■ **Problem details**:
When you copy the listing, reproduce each line as it appears and omit every image.

■ **Stored data**:

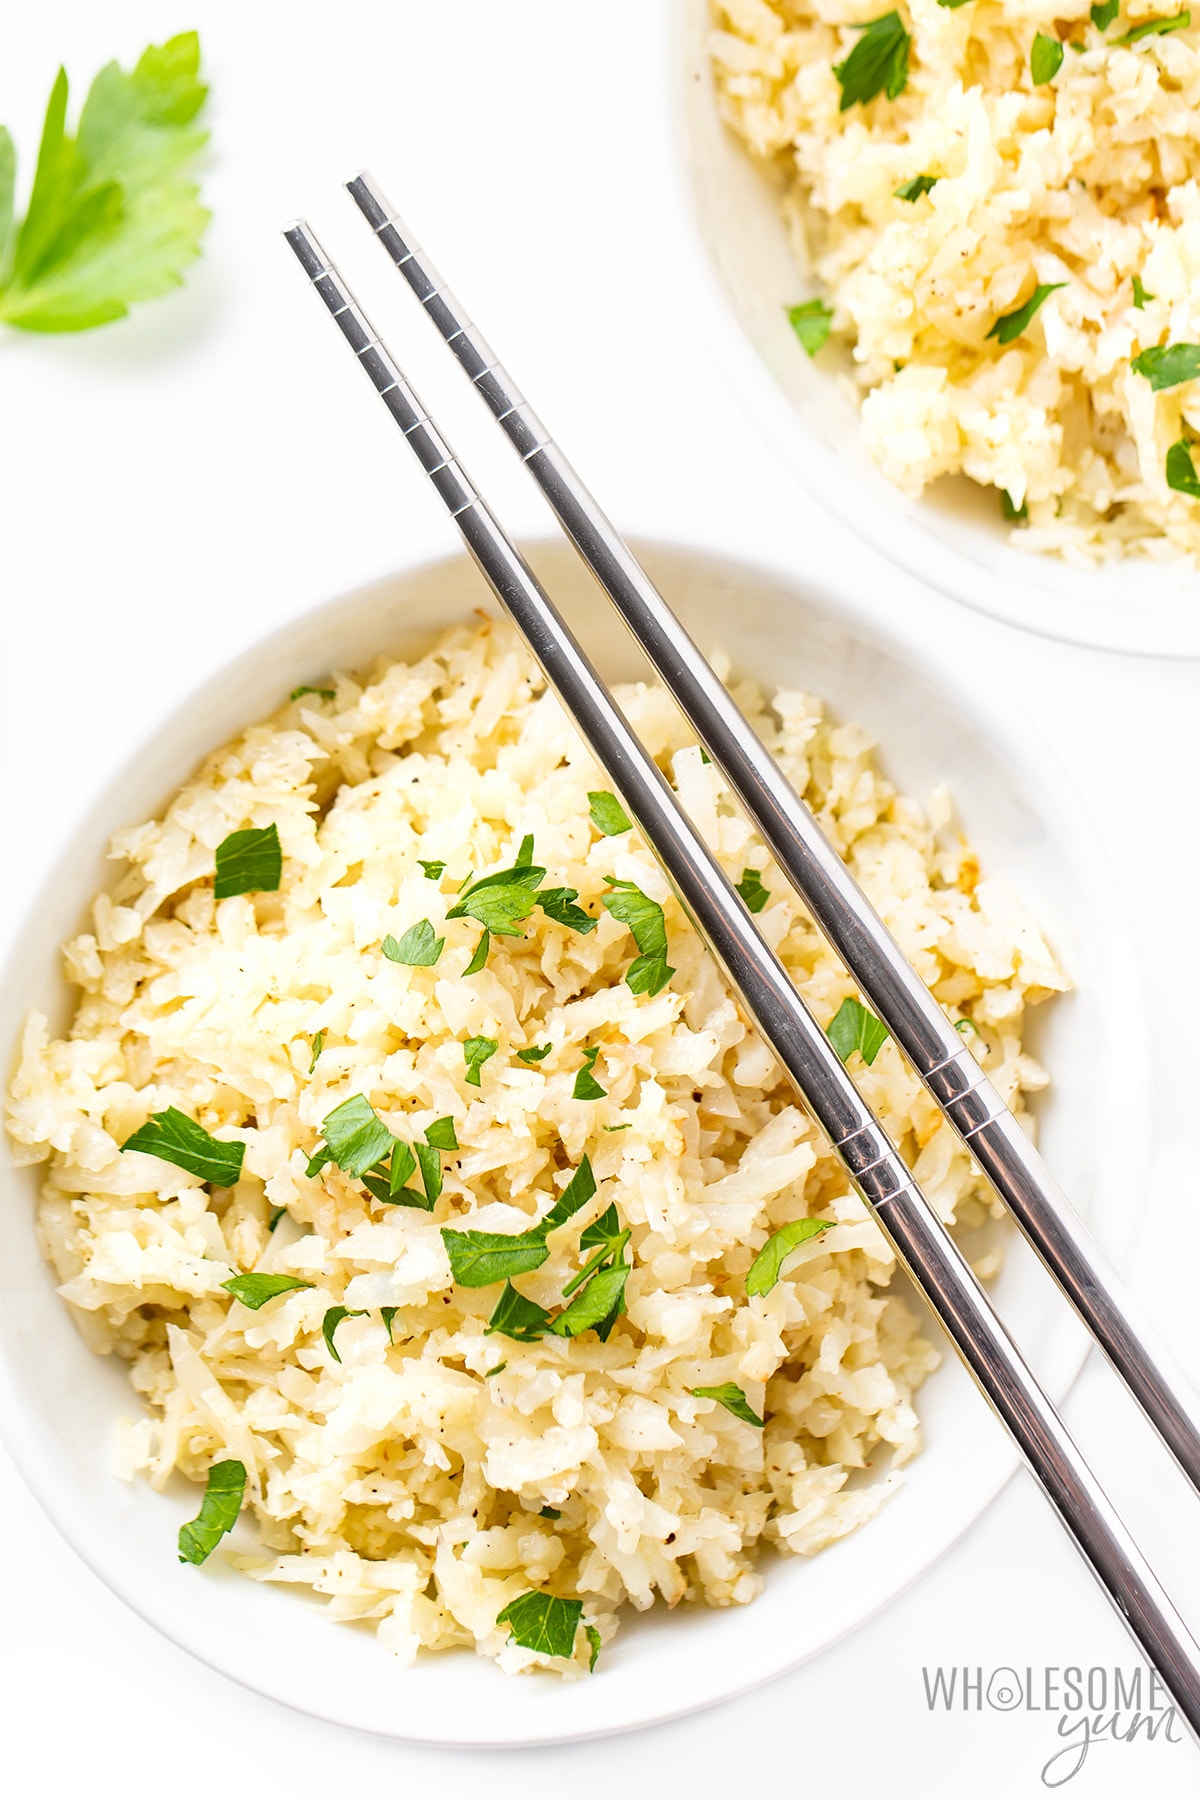 Riced cauliflower in two bowls with chopsticks.
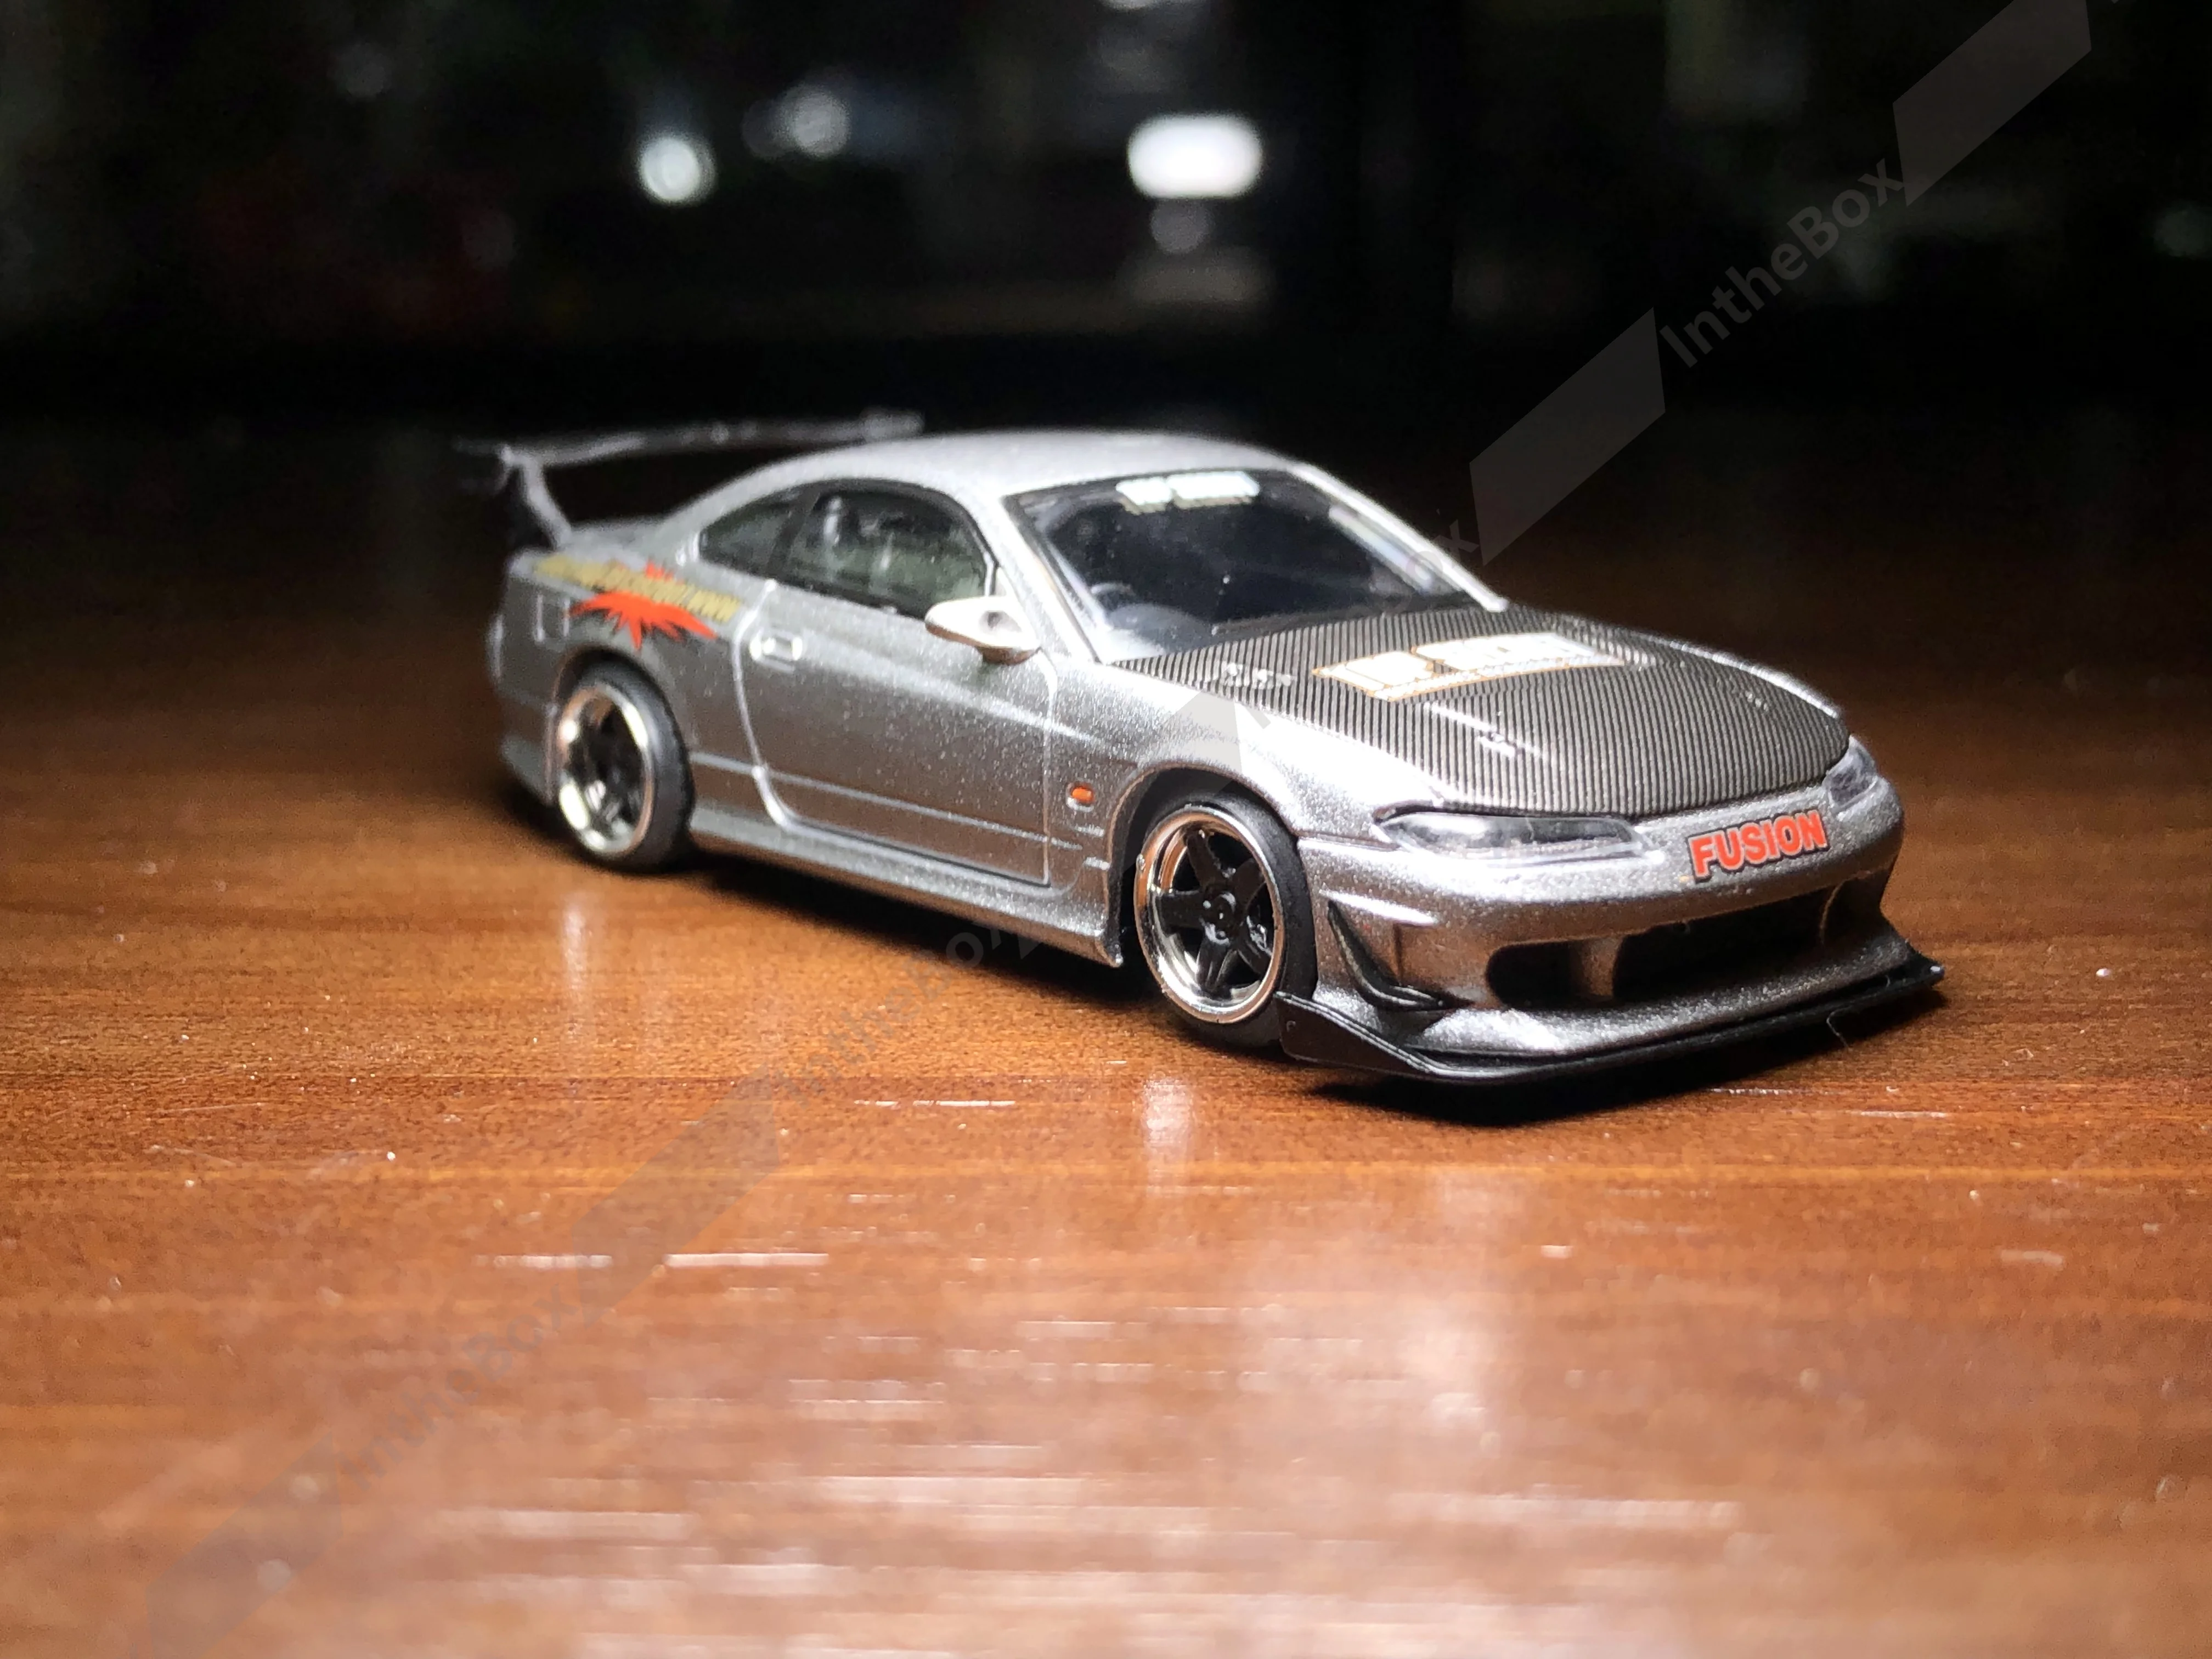 

Mini GT 1/64 #545 Silvia Top Secret (S15) Silver Diecast Model Car Collection Limited Edition Hobby
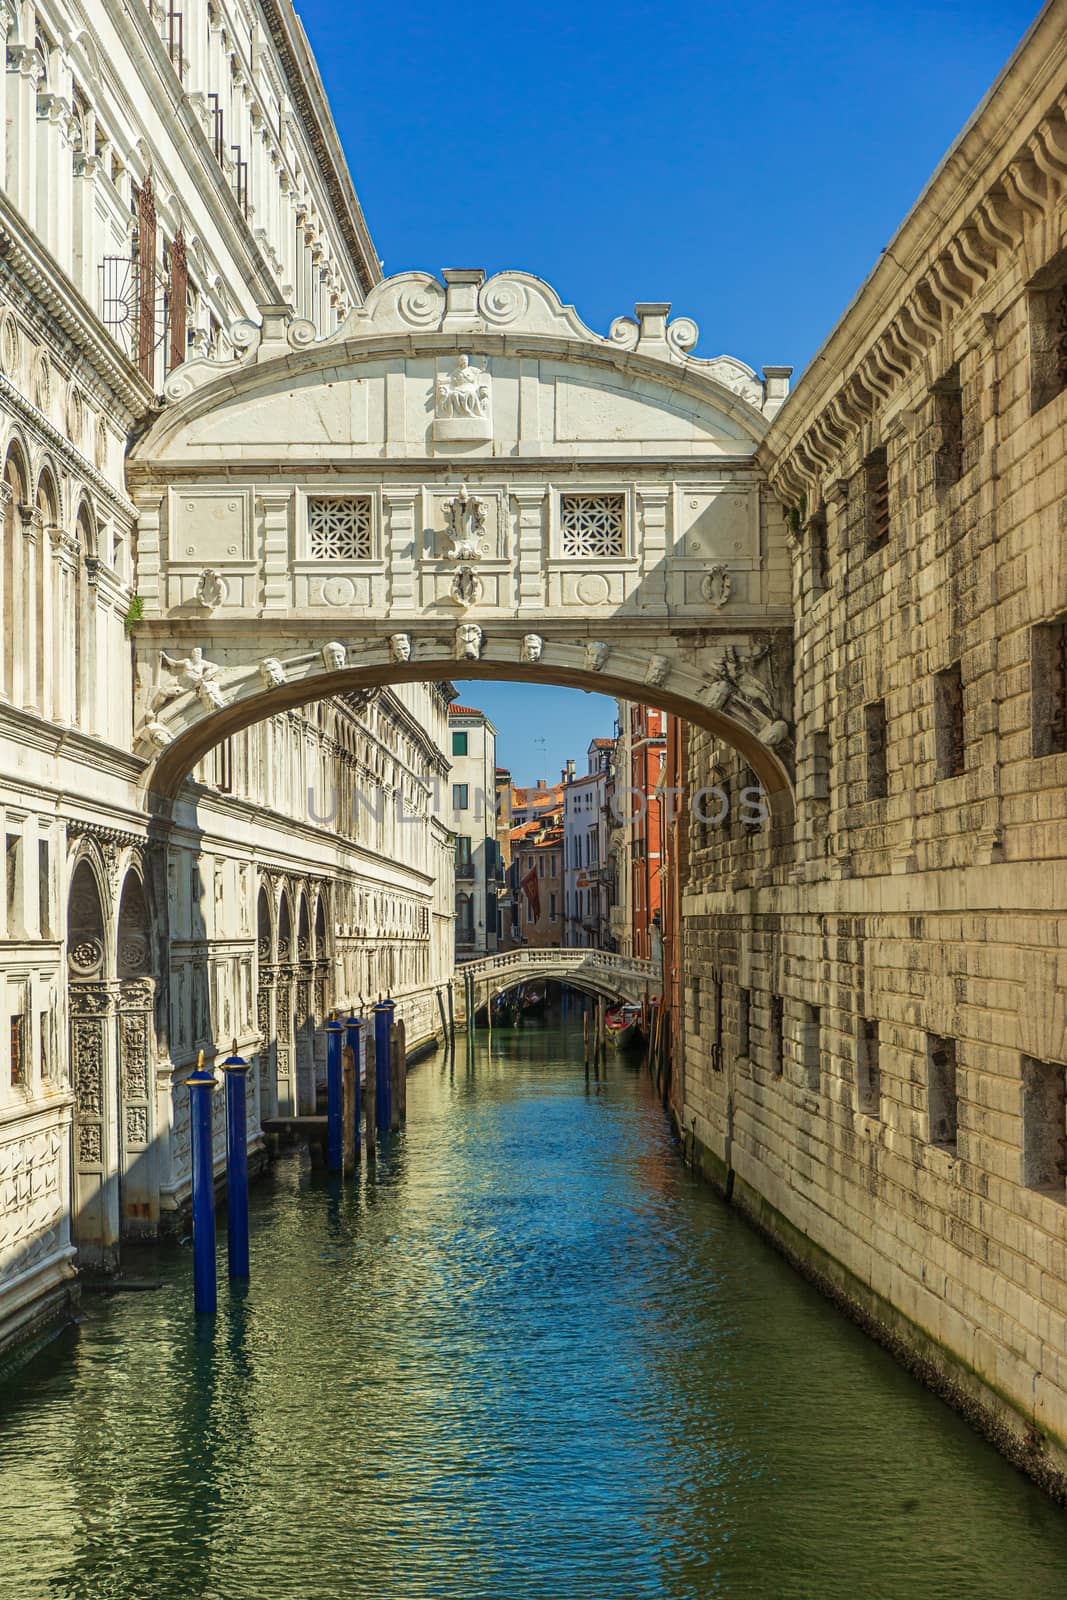 Bridge of Sighs in Venice, Italy by COffe
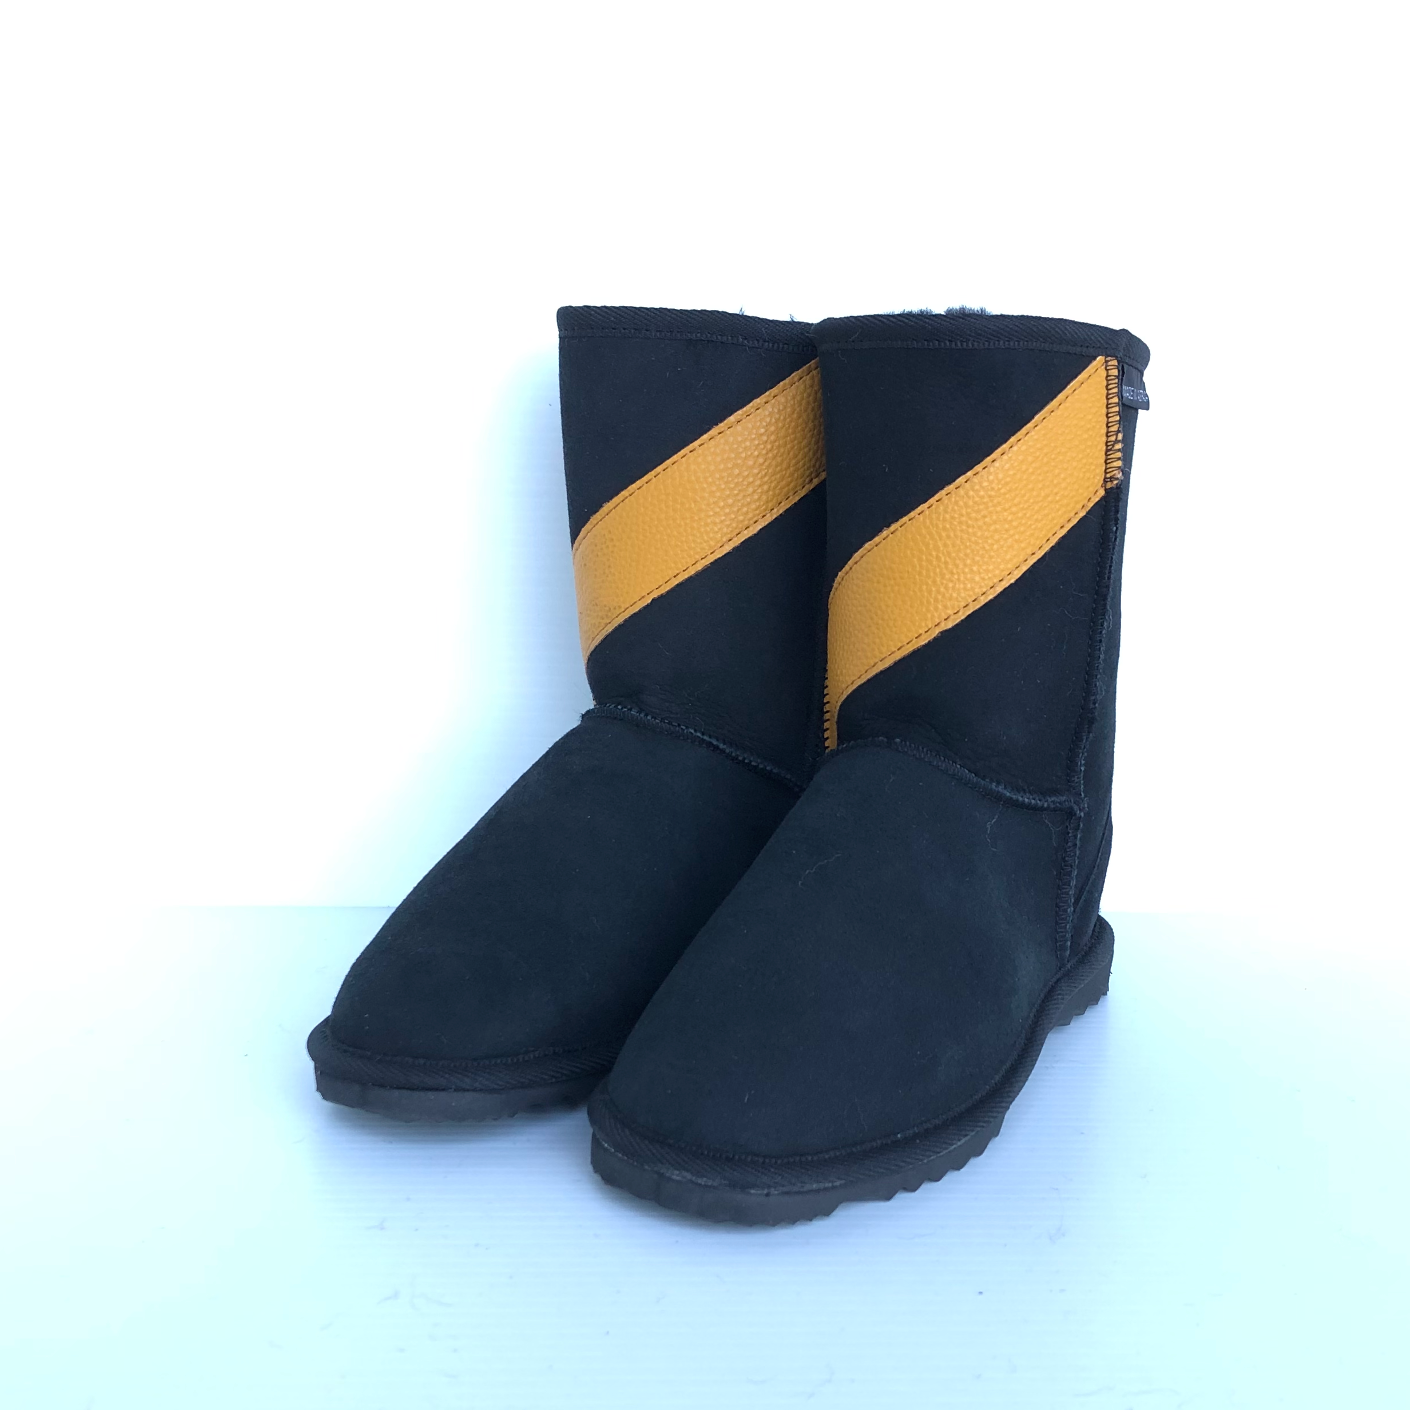 Pair of black Ugg Boots, team coloured with yellow leather style stripe diagonally across front

■ **Completed task**:
 Riced cauliflower in two bowls with chopsticks.

Mini GT 1/64 #545 Silvia Top Secret (S15) Silver Diecast Model Car Collection Limited Edition Hobby
 Bridge of Sighs in Venice, Italy by COffe
 Pair of black Ugg Boots, team coloured with yellow leather style stripe diagonally across front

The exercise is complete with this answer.